Translation-invariant Shamir tail samplers induce secret-independent views for unauthorized coalitions.

noncomputable def Cslib.Crypto.Protocols.SecretSharing.Shamir.schemeWith {F : Type u_1} {Party : Type u_2} [Field F] [Fintype Party] (params : Params F Party) (sampler : TailSampler params) : Scheme F (Randomness params) Party F

Shamir's scheme built from a privacy-compatible tail sampler.

Equations

• One or more equations did not get rendered due to their size.
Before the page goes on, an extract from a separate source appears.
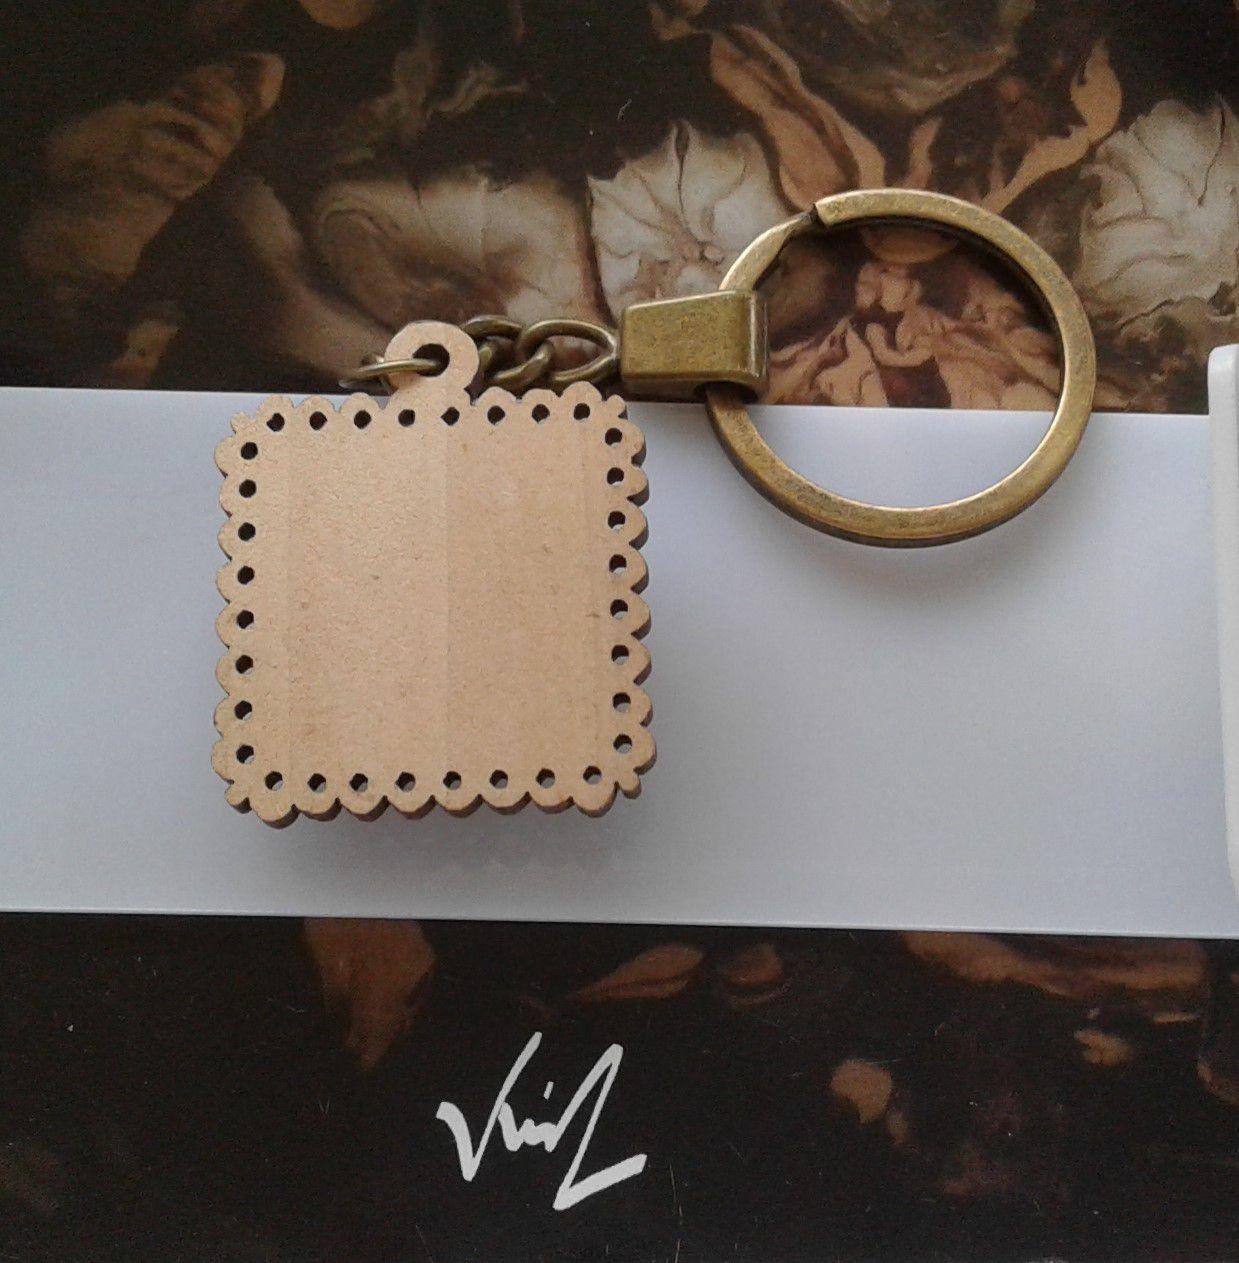 Fait mains en France,porte clé quartz rose,pierre fine semi précieuse,bois naturel,cabochon carré 20mm,ouvragé,fermoir anneau laiton bronze,accessoire maroquinerie clé,bijou de sac,cadeau fete anniversaire unisex,bobo boho gothique,baroque art deco edouardien,victorien
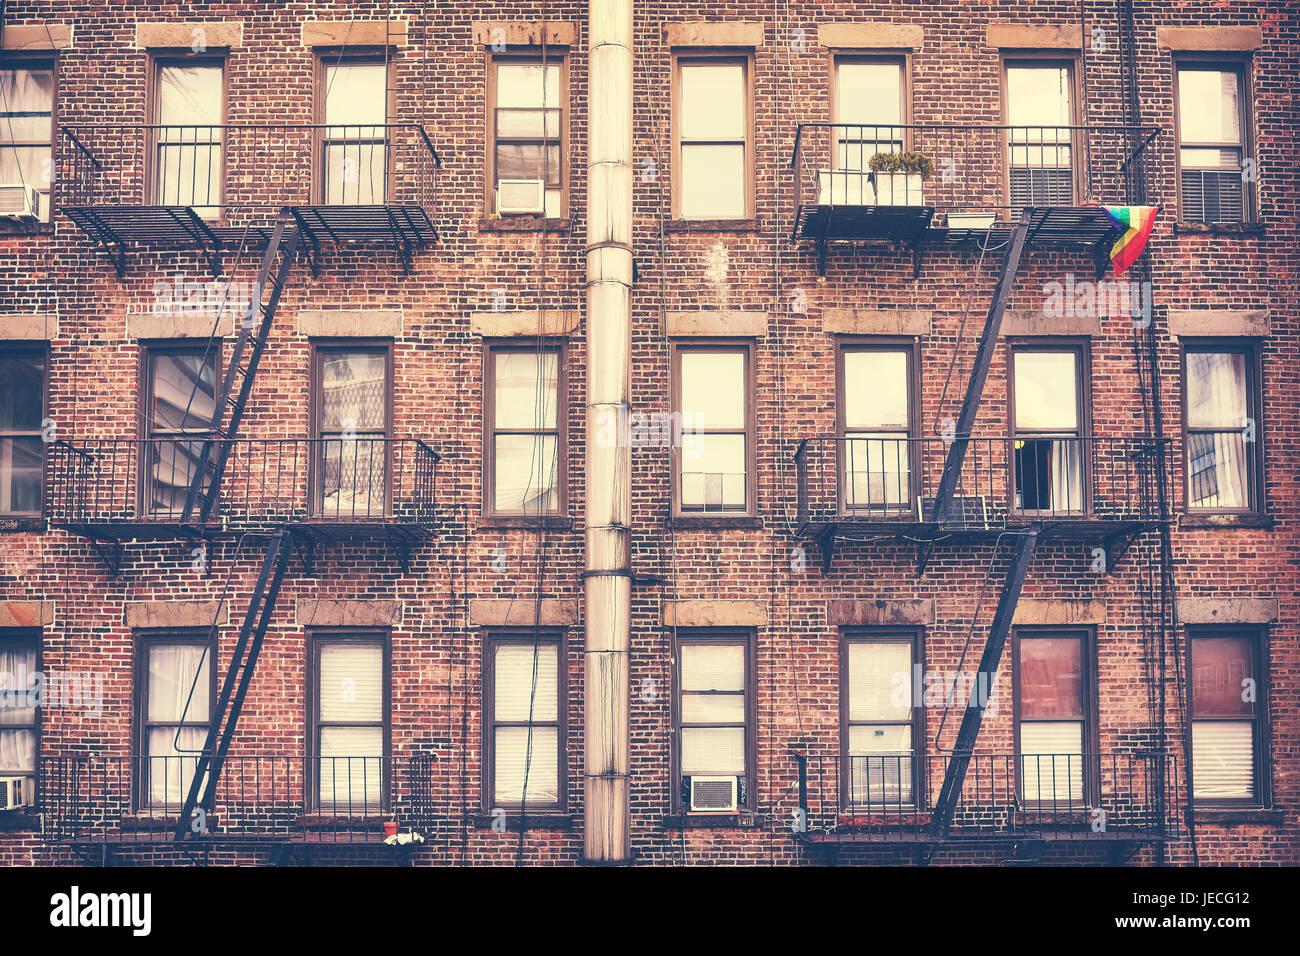 Film di vecchio stile retrò foto di un edificio con fire escape, uno di New York City simboli, STATI UNITI Immagini Stock

noncomputable def Cslib.Crypto.Protocols.SecretSharing.Shamir.scheme {F : Type u_1} {Party : Type u_2} [Field F] [Fintype Party] (params : Params F Party) [Fintype F] [Nonempty F] : Scheme F (Randomness params) Party F

The canonical finite-field Shamir scheme with uniformly sampled tail coefficients.

Equations

• Cslib.Crypto.Protocols.SecretSharing.Shamir.scheme params = Cslib.Crypto.Protocols.SecretSharing.Shamir.schemeWith params (Cslib.Crypto.Protocols.SecretSharing.Shamir.uniformTailSampler params)

@[simp]

theorem Cslib.Crypto.Protocols.SecretSharing.Shamir.schemeWith_authorized_iff {F : Type u_1} {Party : Type u_2} [Field F] [Fintype Party] (params : Params F Party) (sampler : TailSampler params) (s : Finset Party) : (schemeWith params sampler).authorized s ↔ params.threshold + 1 ≤ s.card

@[simp]

theorem Cslib.Crypto.Protocols.SecretSharing.Shamir.scheme_authorized_iff {F : Type u_1} {Party : Type u_2} [Field F] [Fintype Party] (params : Params F Party) [Fintype F] [Nonempty F] (s : Finset Party) : (scheme params).authorized s ↔ params.threshold + 1 ≤ s.card

@[simp]

theorem Cslib.Crypto.Protocols.SecretSharing.Shamir.schemeWith_share_eq {F : Type u_1} {Party : Type u_2} [Field F] [Fintype Party] (params : Params F Party) (sampler : TailSampler params) (coeffs : Randomness params) (secretValue : F) (i : Party) : (schemeWith params sampler).share coeffs secretValue i = share params coeffs secretValue i

theorem Cslib.Crypto.Protocols.SecretSharing.Shamir.reconstruct_view_eq_secret {F : Type u_1} {Party : Type u_2} [Field F] [Fintype Party] (params : Params F Party) (sampler : TailSampler params) (coeffs : Randomness params) (secretValue : F) {s : Finset Party} (hs : (schemeWith params sampler).authorized s) : (schemeWith params sampler).reconstruct s ((schemeWith params sampler).view s coeffs secretValue) = secretValue

Any authorized coalition reconstructs the secret from the shares it sees.